Access Project charity helps poorer students go to university

 

education correspondent

Students from poorer backgrounds were celebrating today after winning places at prestigious Russell Group Universities with the help of a ground-breaking project that supplies free private tutors in deprived areas.

The charity, the Access Project, matches students from disadvantaged areas with high-flying graduates to act as tutors for weekly tutorials. These sessions aim to bridge the gap between the most affluent and least affluent students by boosting their grades and confidence and coaching them in interview skills.

Maksud Rahman, 18, will be the first member of his family to go to university after securing a place to study chemistry at UCL by scoring AAB in his A-levels yesterday. Maksud, who attended Central Foundation School in east London and whose parents came from Bangladesh, was tutored in maths by the managing director of a hedge fund and in chemistry by an accountant who had read chemistry at university.
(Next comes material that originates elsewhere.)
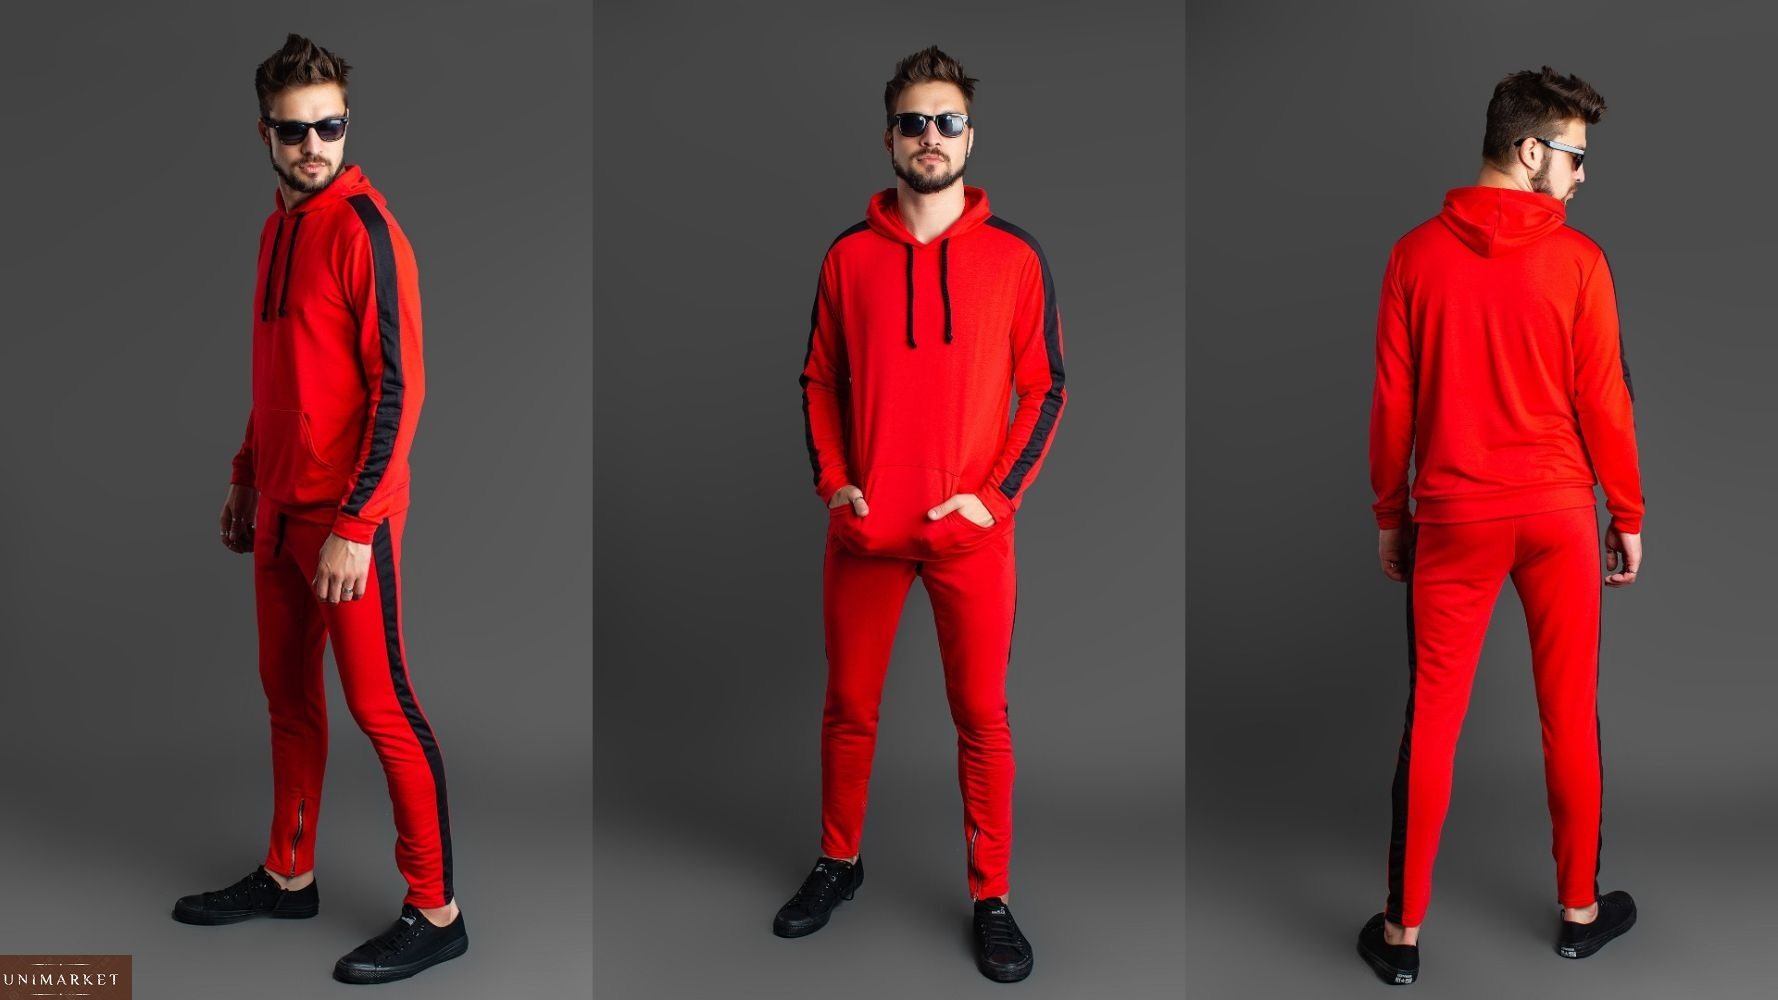 6720af8a05595 Мужской Спортивный костюм с лампасами купить в онлайн магазине ...

His education was disrupted when he went abroad for a year before his GCSEs.

He said: “The project has been extraordinarily helpful. It has meant the difference between me getting an A and a C in maths. I would never have had the financial means to have a tutor.”

The charity works with schools where more than 30 per cent of pupils are on free schools meals, putting them in the 10 per cent most deprived in the country. It worked with more than 600 students from 13 schools in London and the West Midlands this year and provided private tuition for 86 final-year students sitting their A-levels this summer.

21 achieved their place at a highly selective “top third” university, with 16 having won a place at a prestigious Russell Group institution.